Limitless: WA could become a globally significant supercomputing hub on the back of the $3 billion Square Kilometre Array development.
THE turning of the first sod for construction of the world’s largest radio telescope marked the culmination of 15 years’ work for Peter Quinn.
As Professor Quinn’s sees it, the $3 billion Square Kilometre Array project in Western Australia’s Murchison region is just another step in developing the science of radio astronomy.
In his new role as executive director of research initiatives in astronomy, space and data at The University of Western Australia, Professor Quinn has set his sights on establishing the international capacity to process the streams of information that will flow from the telescope.
Site assembly is set to get under way within weeks, after the federal and state governments signed a land-use agreement with the local Indigenous community, the Wajarri Yamatji people, in November.
More than 130,000 antennas will be installed in a radio quiet zone in the desert.
In aggregate and combined with the South African leg of the SKA project, the telescope will be substantially more powerful than any built before.
That means it will be able to see further into space (and back into time) than any of its predecessors.
Australia had previously struggled to retain talented astronomers due to a lack of infrastructure or suitable locations for a telescope.
When the SKA project was presented to Professor Quinn, however, he had no doubts about his decision to be involved.
“A once-in-a-career, Apollo-like opportunity,” he said.
“It’s about 3,000 times more capable than anything we have today.
“In one generation of scientists, in one lifetime.
“It’s pretty spectacular.”
SKA in WA
131,072 antennas with a 400,000sqm collection area
65,000 fibre optic cables to link antennas with site supercomputer
8 terabits per second of data transferred to Perth
1991 SKA first proposed
2012 Australia and South Africa picked as hubs
Professor Quinn led the International Centre of Radio Astronomy Research (ICRAR) in Perth from 2009 to 2022, with the team multiplying from 10 staff to 200 over those years.
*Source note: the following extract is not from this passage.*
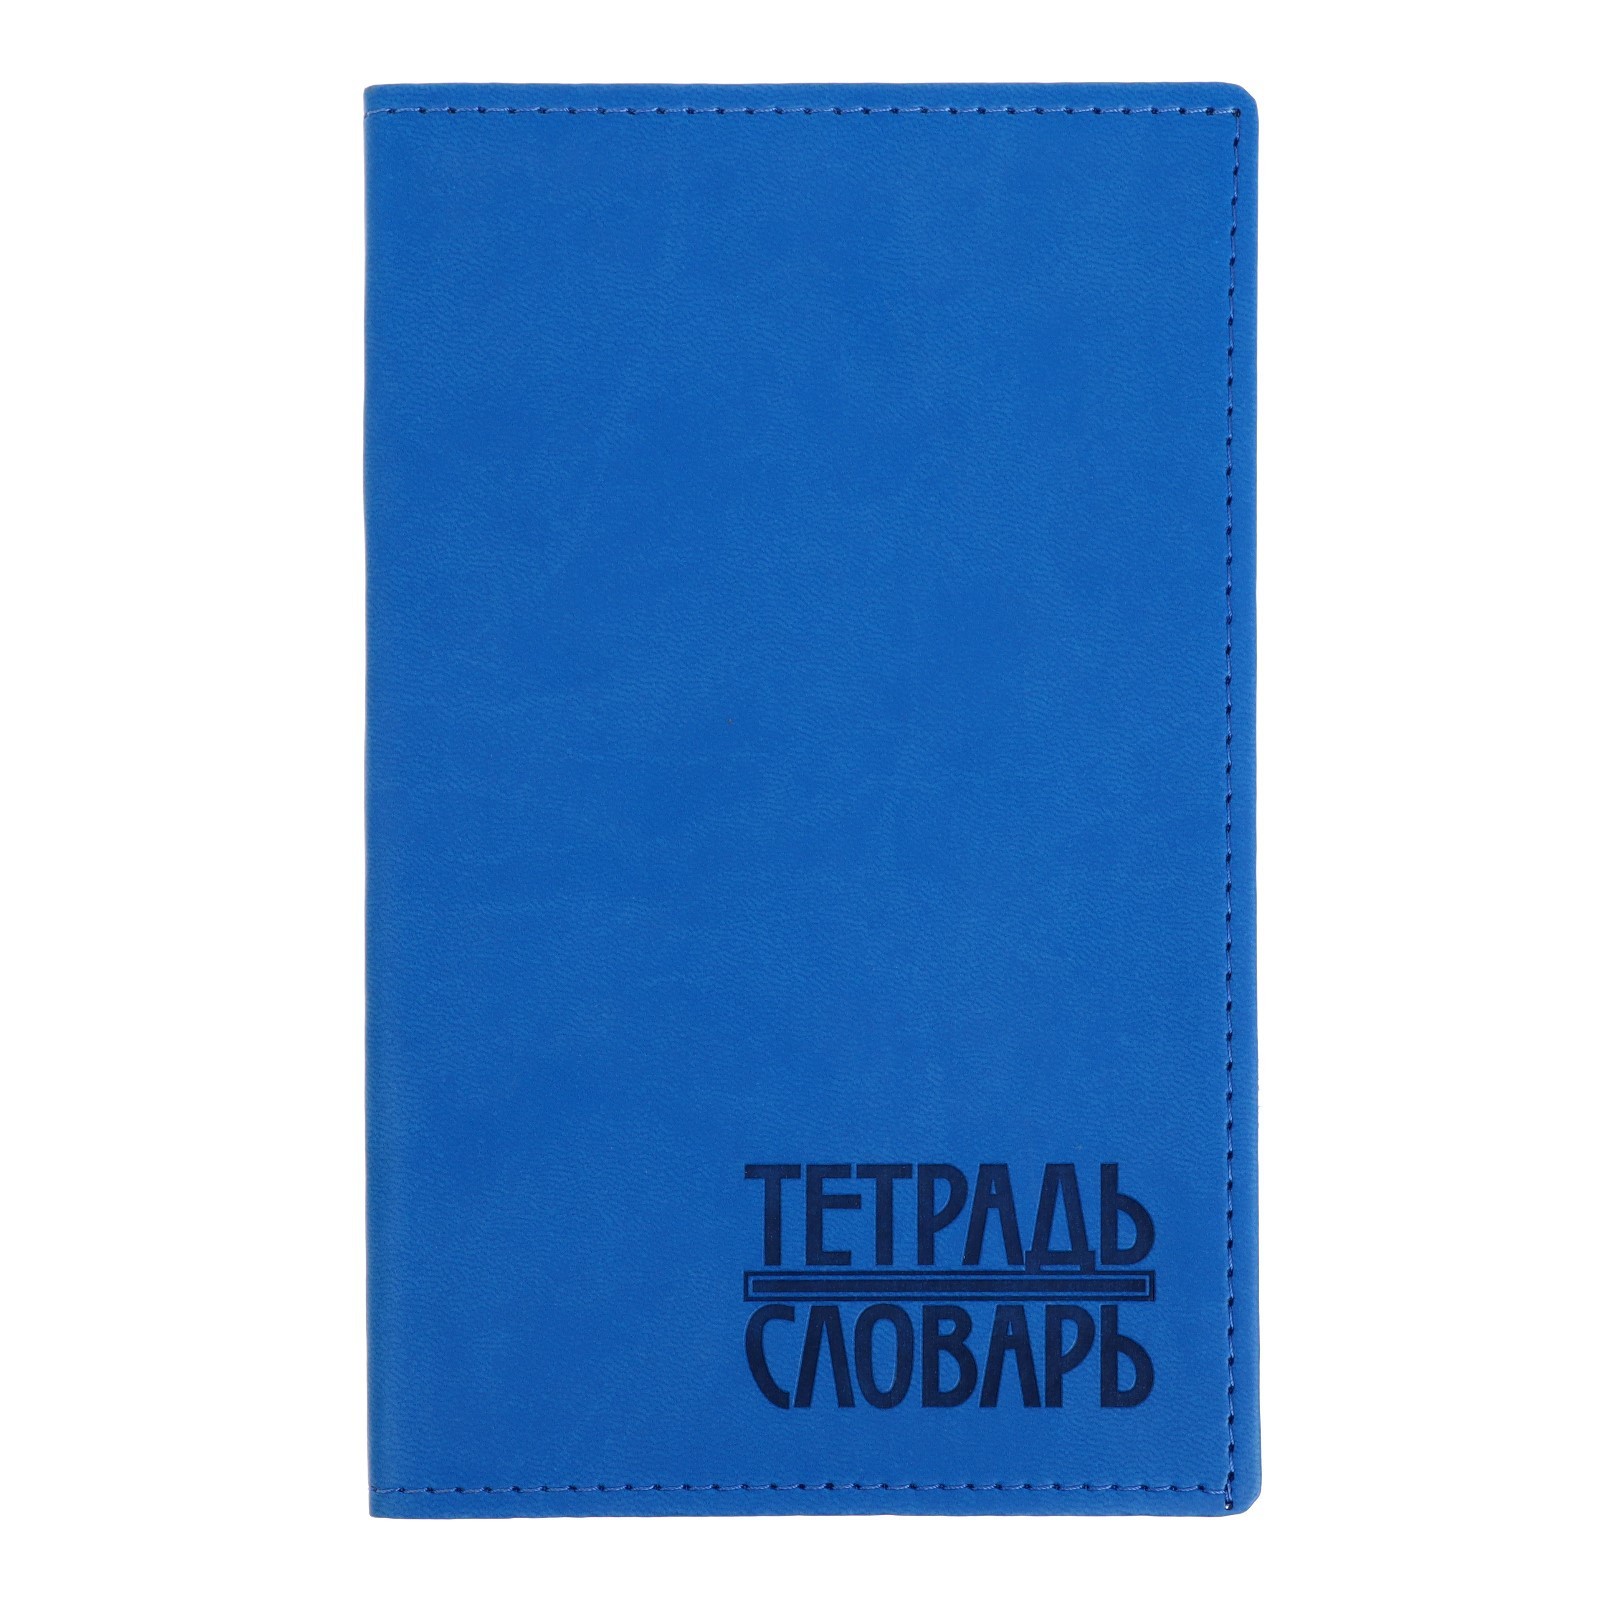 Тетрадь для записи иностранных слов Арго Книга Vivella ТДЗ-109, 48 листов, ярко-синий

He played a key role in progressing the SKA from an idea to a reality, overcoming technological hurdles and securing international backing.
That required proponents to bring together more than a dozen countries into the SKA’s organisation, established by international treaty.
Developing the framework for the process took more than 25 years, from commissioning the project’s first international working group to the day the treaty was signed in Rome, in March 2019.
Australia’s role hosting half the international project was far from guaranteed, however.
Argentina and China made early bids for the facility, while South Africa initially emerged ahead of WA as the choice locale.
Two precursor telescopes were built in WA: the Murchison Widefield Array and the Australian SKA Pathfinder.
The success of those telescopes helped Australia eventually draw support to build one of two SKA cores, as did the capability of the Murchison to deliver a radio-quiet zone.
Professor Quinn said the telescopes had generated fantastic scientific discoveries and blazed a trail in technology.
The Pathfinder telescope pioneered a new method to survey the skies faster, using widefield imaging receivers.
Back in Perth, ICRAR played a role in developing software and hardware for the precursor telescopes, including the two in South Africa; innovations that could have an impact beyond astronomy.
When large fluctuation in hot and cold weather risked distorting signals in fibre optic cables linking the South African telescopes, researchers in WA worked to find a solution.
That same science could correct the laser beams through the atmosphere and increase the bandwidth of laser data systems by 1,000-fold, Professor Quinn said, improving the capacity of low Earth orbit satellites.
Installation of prototype antennas for SKA in Murchison. Photo: ICRAR
Switching on
WA’s array of antennas will be installed in phases.
The first batch should be completed by 2026, Professor Quinn said, while the remainder should be on site by the end of the decade.
The antennas will be switched on as the development progresses.
The system will create an enormous amount of data.
“The data repository that goes along with the SKA … [requires] data centres which are extremely large, Google- and Amazon-class data centres,” Professor Quinn said.
At full output, he estimates the SKA will produce 1 exabyte of data per year.
That’s about a quarter of the amount of data downloaded by the whole of Australia in the June quarter of 2018 (the most recent number published by the Australian Bureau of Statistics).
Processing and storing this will require a distributed, global supercomputing network, establishment of which forms part of Professor Quinn’s new executive director role at UWA.
“Perth will be one of the major supercomputing centres in the world,” he said.
It will require at least 10 times the supercomputing power already available in the state.
In fact, recent SKA simulation work called for use of the world’s biggest such computer at Oak Ridge National Laboratory in the US, the first built with exabyte capacity.
ASX-listed DUG Technology has proposed building a renewable-powered high-capacity computer near Geraldton, where it would be available to play a role in processing SKA data.
Professor Quinn believes it will take 10 years to put together the global network to process the data.
But he said WA’s role would bring community benefits, including attracting bright minds to the state and advancing skills in data science, machine learning and artificial intelligence.
“That’s going to be another opportunity for kids, and the supercomputing industry, to be involved,” Professor Quinn said.